白泉社が発行する漫画雑誌【花とゆめ】にて連載中の少女漫画『暁のヨナ』。アニメ化や舞台化、さらにはヨナカフェなどさまざまな関連イベントも開催されており、メディアミックス作品としても注目を集めています。
今回は『暁のヨナ』お馴染みの腹減り一行の良心ことユンくんのことについて、往年のヨナファン視点からゆる~く語ってみようかなと思います。
『暁のヨナ』ユンくんは腹減り御一行の”お母さん”?
『暁のヨナ』作中にて、なまじ能力が高いがゆえに仲間たちからたびたび「お母さん」などと揶揄され続けてきたユンくん。弱冠15歳の少年にとってはなかなか酷な呼称なんじゃないかとも思うのですが、まあたしかに料理ができる、繕い物ができる、さらには薬も作れるなど能力面においてはそんじょそこらの女性と比べても群を抜いていると言えるでしょう。
では彼はいわゆる”女”らしいのか、つまり女性性が高いのか…というとそれもまたちょっと違う気がしています。そもそも今の時代に”女らしい”、はたまた”男らしい”、みたいな表現や論争はどうなんだろうと思いますし、文章を書く身として、個人的にもこうした表現はあまり好きではありません。
が、ひとまず生まれ持った性格、というよりはいわゆる”脳のつくり”みたいなものに注目してみるのはどうでしょうか。一般に、男性脳の傾向が強い人は上昇志向や競争心が強い、そして女性脳の傾向が強い人は協調性が高く共感力に長けている、などと定義づけられています。
この点、往年のヨナファンとしてつくづく感じているのは、ユンくんは実は腹減り御一行の誰よりも上昇志向、上へ上へと向かっていこうとする心が強いんじゃないのか?ということなんですよね。
ここでは作中の表現を拝借して「腹減り御一行」などと呼んでいますが、平たく言うなら仮にも一国の姫君とその側近、そして生まれながらに”人”ではない、トンデモ能力持ちな人外4名の集まりなわけで。そんなパーティーに”只人”であるユンくんが平然と属している状況は、冷静に考えると結構異常と言えるはず。
城を追われたヨナとハクが普通の人以上に気を強くもち、己を鼓舞する強い心を持ち続けるのは当然のことです。そしてもちろん、生まれながらに異形の能力を与えられた四龍もそれは同じ。

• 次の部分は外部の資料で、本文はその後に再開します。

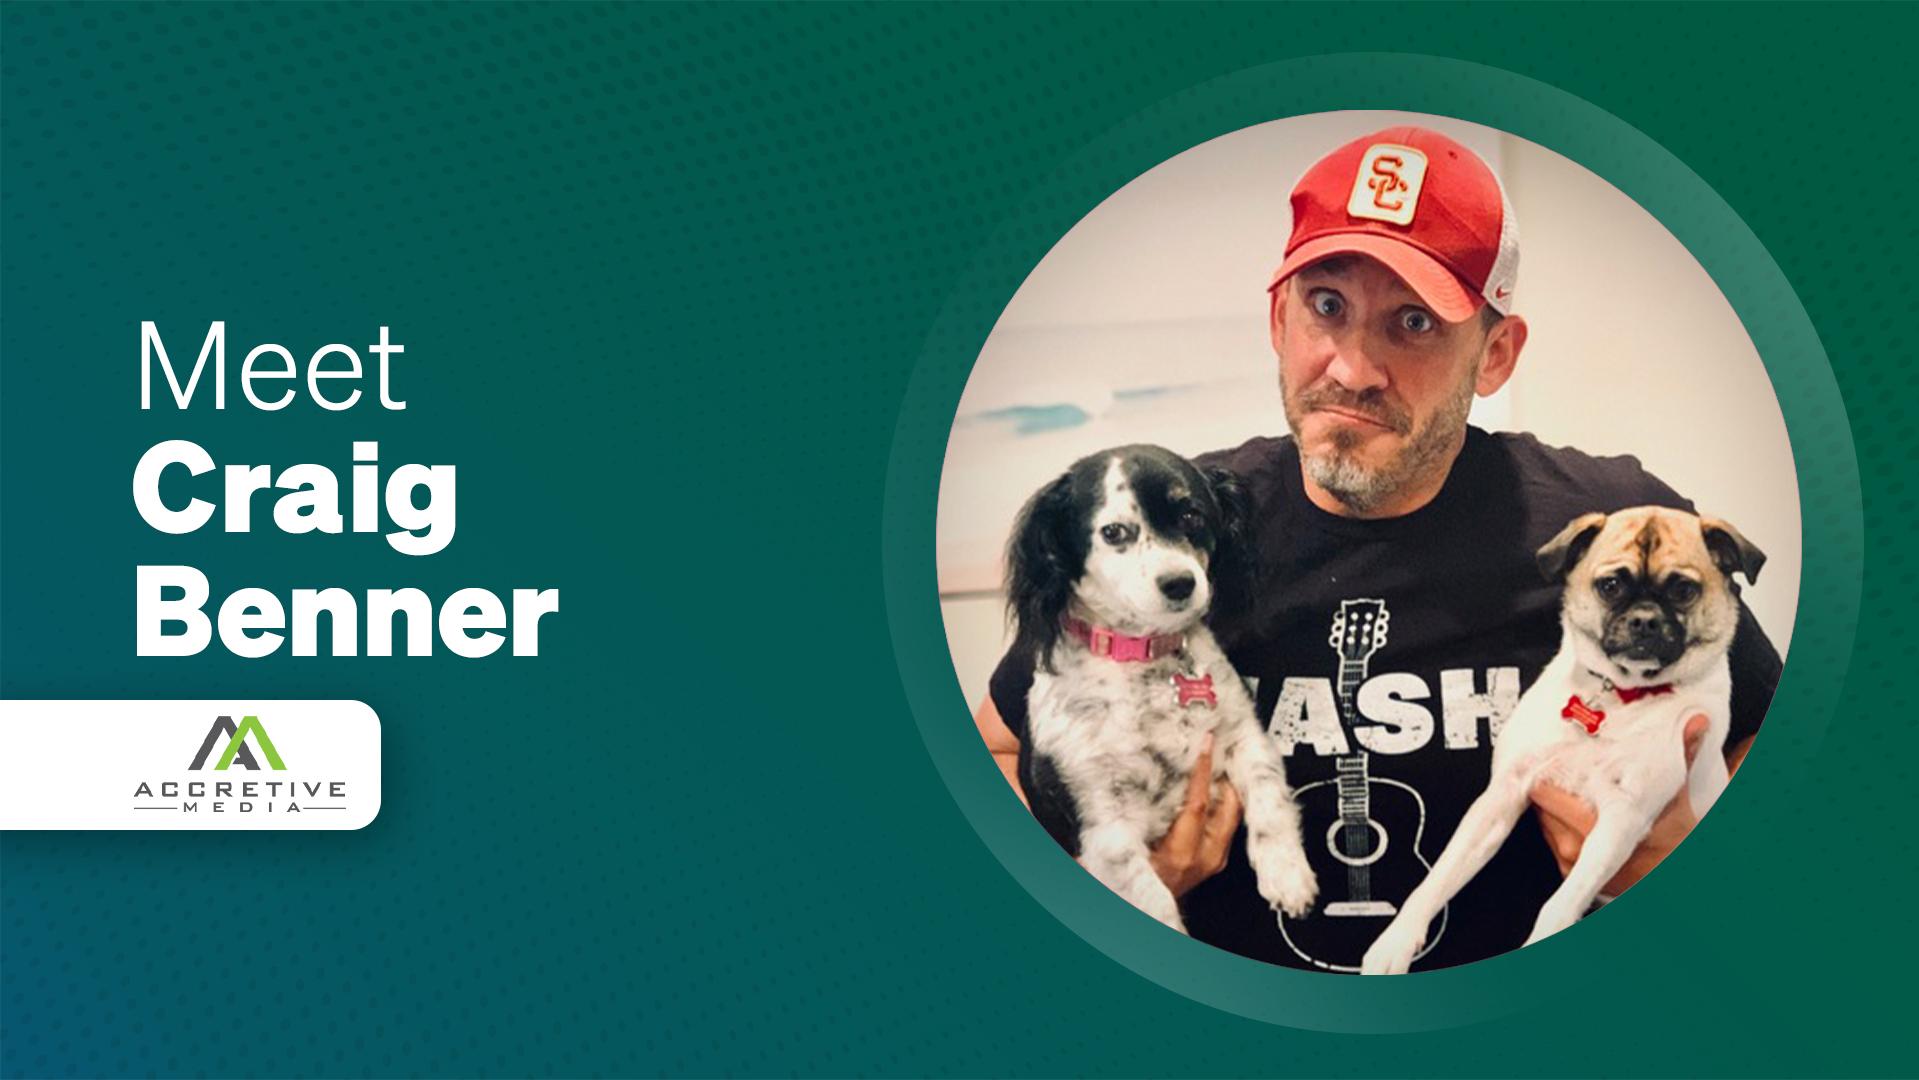 Meet Our Partners: Craig Benner, Accretive Media

そんなメンバーと一緒に行動し寝起きをともにし続けるのは、普通の精神の人間ならばすぐに苦しくなっていずれは限界がくるはずです。私たちで言うなら結果を出さなくてはならない部活や職場のチームなんかと同じで、たとえどれだけ仲がよかろうとウマが合おうと、意識の面にズレが生じれば関係はズルズルと崩れていきます。
とここまで長々と書いてきましたが、結論から言うと、そんなパーティーに属しながら平然と自我を保っていられるユンくんはやはり違う意味で”人外”と言って良いんじゃないかと。特別な身分も能力も持たない身で誰よりまっすぐな精神を維持し続けられる彼は、やはり家庭的な能力のみならず、女性性と男性性がともに抜きんでた非常にバランスのよい性格かつ性質を持ちあわせているんだろうなと思うのです。
『暁のヨナ』はイラストやキャラクターの見た目も美しい、目に楽しい作品だなあと思いますが、それは単に描線や彩色が綺麗だということばかりではありません。
いわゆるキャラクターの二面性、両面性、みたいな部分がものすごく繊細に描かれていて、それがいちばんダイレクトな形で読者サイドに伝わるようにつくられている。その美しさを一番強く感じさせてくれるキャラはやっぱりユンくんだよなあと思うんですね。個人的には次いでミンス、次いでヨナ、…くらいな感じでしょうか。ん、あれ、ヒロイン3位?笑(あくまで個人の感想です)。
最近はヨナ関連の記事の感想などいただけることが増えてきたので、こうしたゆる~いキャラ考察的な記事もちょっとずつ増やしていこうかなと。それではまた。